There are a number of ways in which reference data can be normalized. If these rules are applied, reference data tables can be populated in a clean and consistent manner that parallels and supports the normalization of the database design. Let us look at these rules one by one.

Definition of All Required Reference Data Tables

It is not uncommon to find database tables such as product or customer that contain code columns which should be foreign keys but for which no parent reference data table exists. The code values, therefore, exist only in the database table where they are found. If a new code must be added, it can only be added as part of a new record. If a list of the existing set of codes is required, it can only be made by extracting the codes from the table where they are found. Because no parent table exists, no descriptions are available for the codes, and no meta data is available for them (e.g., who added or updated the codes and when this was done).

Lack of parent reference data tables also means that a reporting dimension is missing from the database. This may not be a problem for transaction processing, but it is a problem for any reporting - especially if data must be reused in a data mart or warehouse.

Lack of defined reference tables appears to occur mostly in operational systems where programmers add a code column to an existing table for some newly discovered requirement. Adding the corresponding reference table is typically unnecessary for the functionality that the programmers are creating at this point in time. Unless the codes are directly meaningful to users, a major consequence is that the programmers must put the corresponding descriptions in program code. Defining data values in program source code is an unacceptable practice but, unfortunately, one that is all too common.

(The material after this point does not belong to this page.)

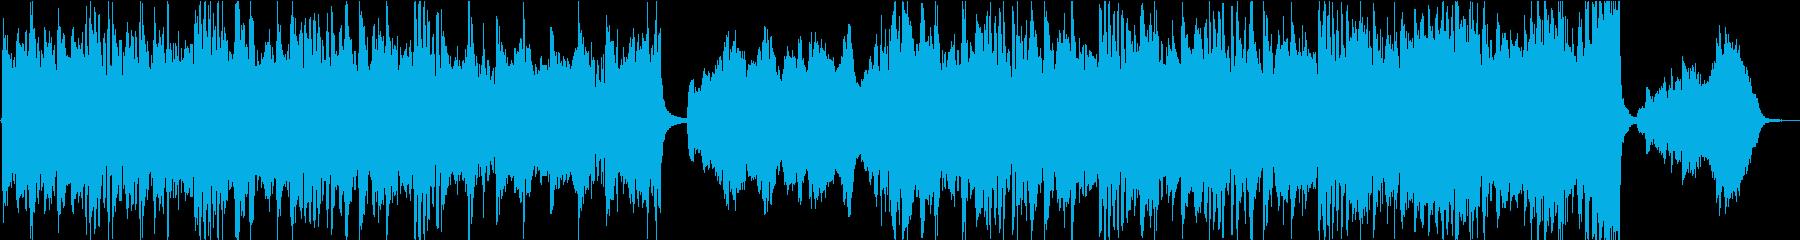 壮大で明るいディズニー風オケ(短縮版)の再生済みの波形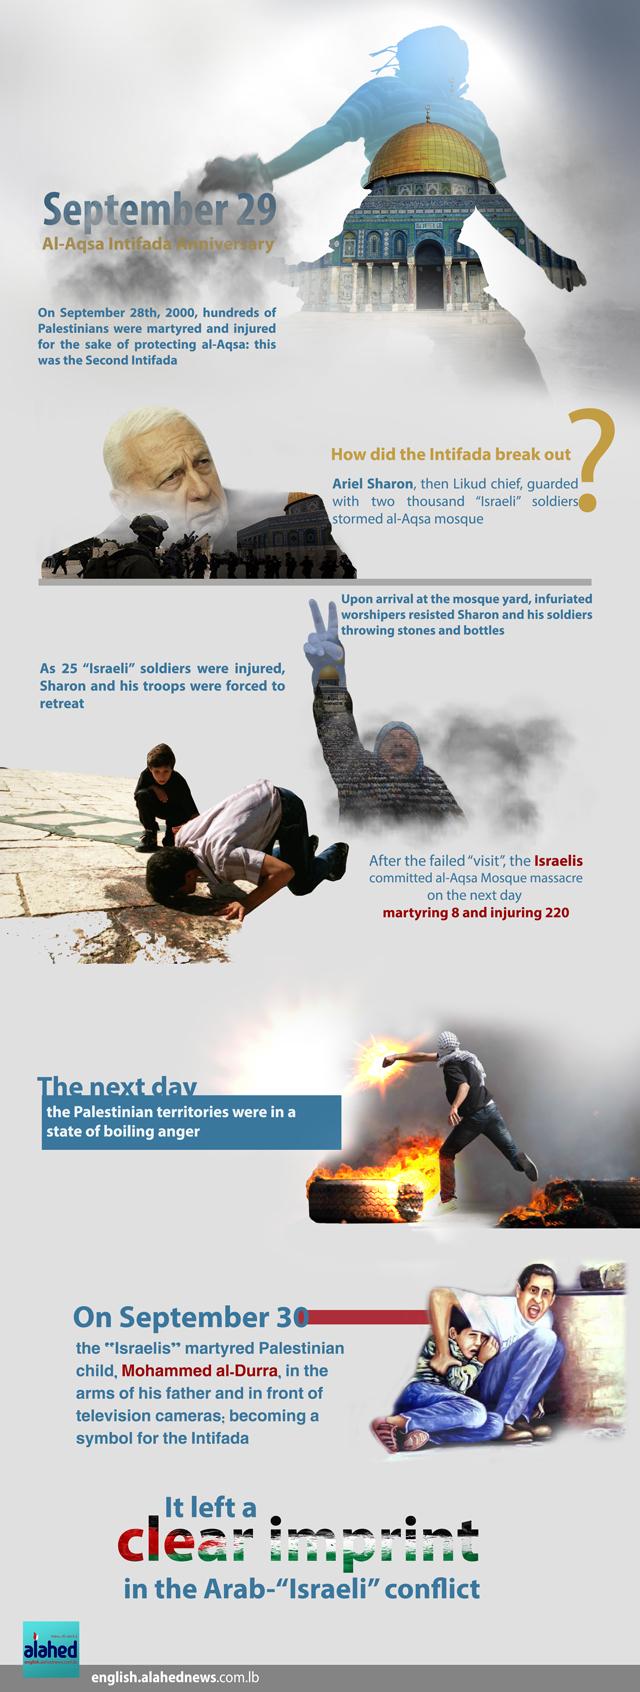 pflp uprootedpalestinians s blog al aqsa intifada anniversary

Therefore, it is important to define individual reference data tables to support all reference data used in a database. There should not be any "orphan" code columns in database tables that have no parent reference data tables.

Correct Level of Abstraction of Reference Data

Over-abstraction of reference data occurs where a reference data table is defined but contains data values that should really belong to different reference data tables or that represent different subtypes. These reference data tables typically lack any formal definition and have names such as product type, customer category or even record type. Because the tables have no formal definitions and their logical names are so vague, they can contain records that represent nearly anything. New records are added to such reference data tables for anything that can remotely be considered to represent a product type, customer category or record type. The result is that the tables contain sets of data that should really be broken out into many different reference data tables. For instance, the well-known "Currency Code" standard ISO-4217 contains not only currencies but also precious metals and special financial instruments and even one code ("XXX") that is reserved for testing purposes.

As with the lack of defined reference data tables, this problem seems to be caused by a reluctance to add more reference data tables to a database. The lack of well-written, formal, strict definitions of tables (represented by entities in data models) adds to this problem. Negative consequences are typically seen when the underlying data can have more than one value contained in the table. For instance a customer status reference data table may contain records for "Gold," "Silver," "Bronze" and "Suspended." If "Gold" customers do not pay their bills on time, they are set to "Suspended." In reality, these customers are both "Gold" and "Suspended," not just "Suspended" as this design implies. When the customers settle their accounts, it is no longer possible to tell what their preexisting status was. The obvious solution is to have two tables, one called customer preference status with records for "Gold," Silver" and "Bronze," and another table called customer preference status activity with records for "Active" and "Suspended."

Over-abstraction can also be solved by having subtypes in the reference data table. These can either be traditional formal subtypes or hidden subtypes where records are identified as belonging to a particular subtype by foreign keys from other reference data tables. A reference data table that has hidden subtypes will typically be surrounded by a cluster of other reference data tables with relationships to it.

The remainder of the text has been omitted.